Military Intelligence
The United States'
first formal permanent intelligence organizations were formed in the 1880s: the
Office of Naval Intelligence and the Army's Military Intelligence Division.
They posted attachés in several major European cities principally for
open-source collection and observing military maneuvers.
When the
Spanish-American War broke out in 1898, the attachés switched to espionage.
They created informant rings and ran reconnaissance operations to learn about
Spanish military intentions and capabilities — most importantly, the location
of the Spanish Navy.
One U.S.
military officer used well-placed sources he had recruited in the Western Union
telegraph office in Havana to intercept communications between Madrid and
Spanish commanders in Cuba. The U.S. Secret Service — in charge of domestic
counterintelligence during the war — broke up a Spanish spy ring based in Montreal that planned to
infiltrate the U.S. Army.
U.S. Intelligence Faces New Challenges During World War I
By 1914, the United States'
ability to collect foreign intelligence had shrunk drastically because of
budget cuts and reorganizations in the government. The State Department began
small-scale collection against the Central Powers in 1916, but it was not until
the United States declared
war on Germany
in 1917 that Army and Navy intelligence finally received more money and
personnel.
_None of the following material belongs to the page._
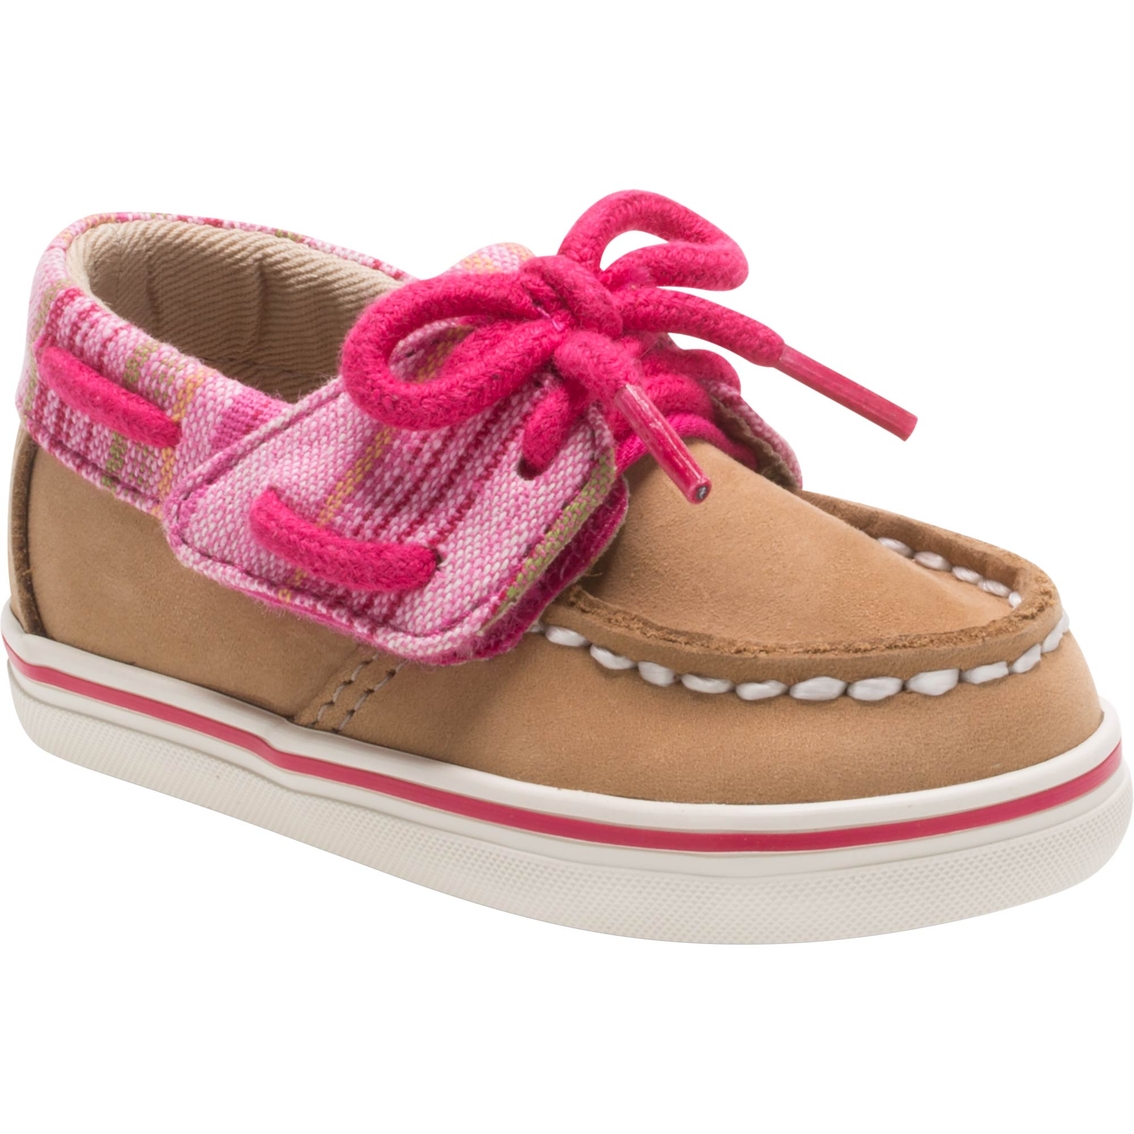 sperry shoes for infants
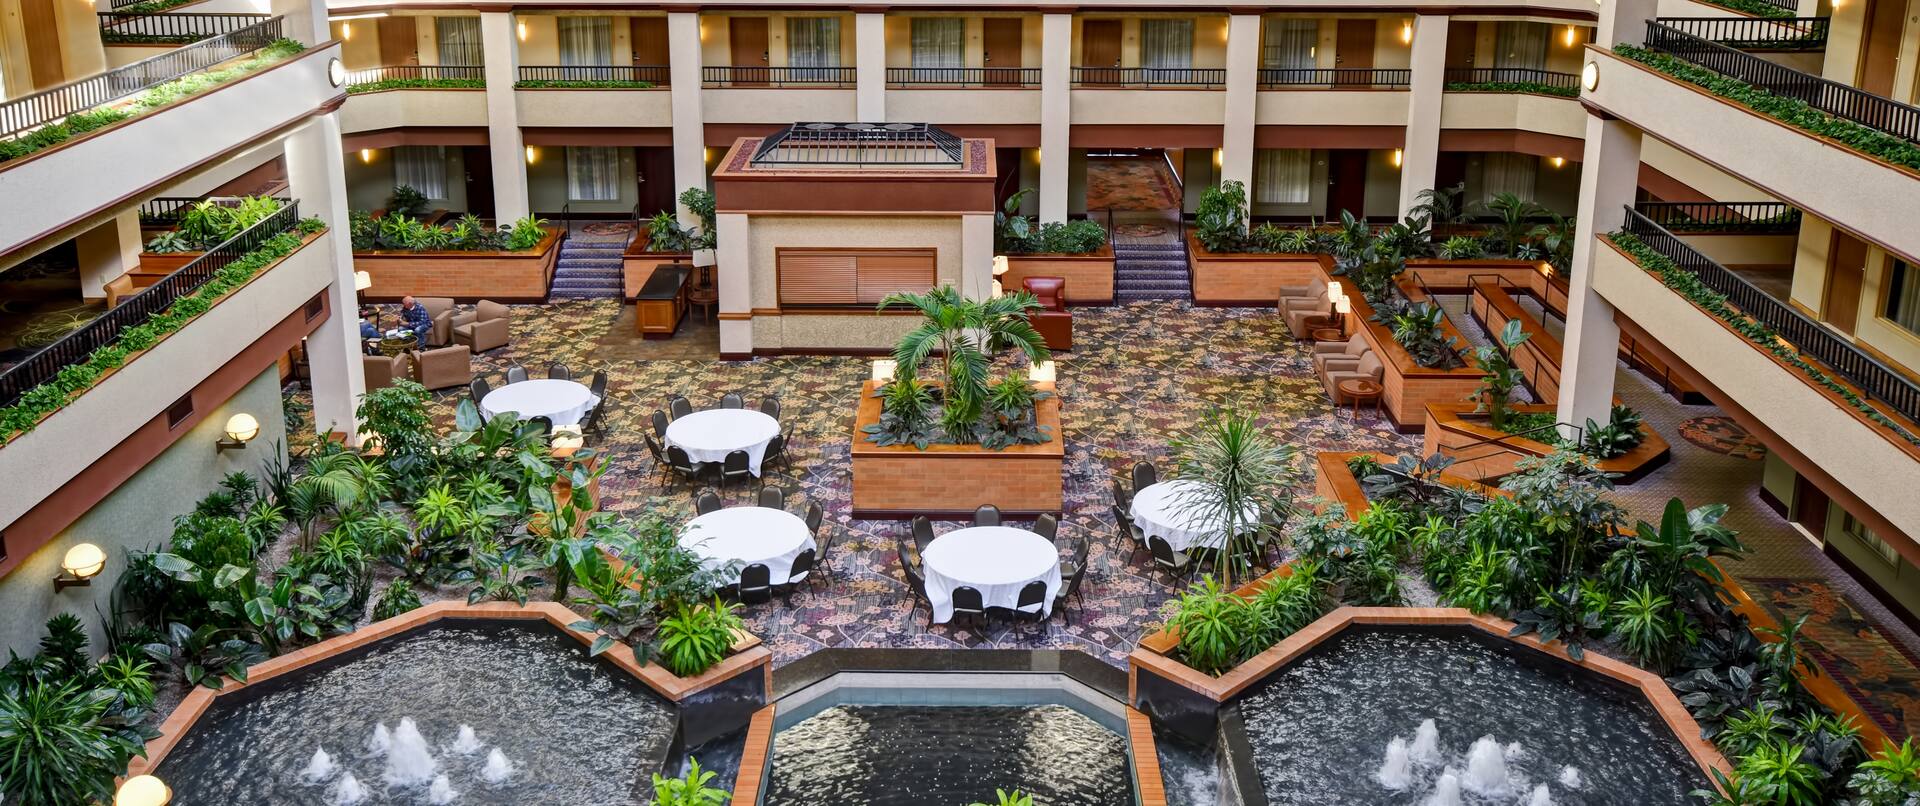 overview of hotel atrium, dining tables, water fountains

By then, it was too late to increase their intelligence output to
aid the cause significantly.
The most
significant advance for U.S.
intelligence during the war was the establishment of a permanent communications
intelligence agency in the Army — the forerunner of the National Security
Agency. Meanwhile, the Secret Service and military counterintelligence
aggressively thwarted numerous German covert actions inside the United States, including
psychological warfare, political and economic operations, and dozens of acts of
sabotage against British-owned firms and factories supplying munitions to
Britain and Russia.
The Justice
Department's Bureau of Investigation (forerunner of the FBI) took on a
counterintelligence role in 1916, and Congress passed the first federal
espionage law in 1917.
Breaking Codes and Busting Foreign Agents
Despite U.S.
Secretary of State Henry Stimson's oft-quoted comment that "gentlemen do
not read each other's mail," by 1941, the United States had built a
world-class signals intelligence capability.
Between the
wars, American intelligence officers concentrated on codebreaking and
counterintelligence operations against Germany
and Japan.
The "Black Chamber" under Herbert Yardley, the Army's Signals
Intelligence Service under William Friedman, and Navy cryptanalysts cracked Tokyo's diplomatic
encryption systems. Working backward from intercepts, Friedman's team figured
out what kind of cipher device the Japanese used — the "Purple"
machine.
During the
1930s and early 1940s, the FBI launched an extremely effective
counterintelligence attack on German and Japanese espionage and sabotage
operations in the Western Hemisphere. U.S. operatives
infiltrated many networks and arrested dozens of agents. The FBI had less
success against Soviet efforts to penetrate U.S. government and economic
institutions.
FDR Creates OSS
As America's
entry into World War II seemed to draw closer in 1941, President Franklin
Roosevelt created the country's first peacetime, civilian intelligence agency —
the Office of the Coordinator of Information.
Soon after,
however, the United States
suffered its most costly intelligence disaster up to then when the Japanese
bombed Pearl Harbor on December 7, 1941. That
failure — a result of analytical misconceptions, collection gaps, bureaucratic
confusion, and careful Japanese denial and deception measures — led to the
establishment of a larger and more diversified intelligence agency in 1942: the
Office of Strategic Services. The OSS
is the forerunner of today’s Central Intelligence Agency.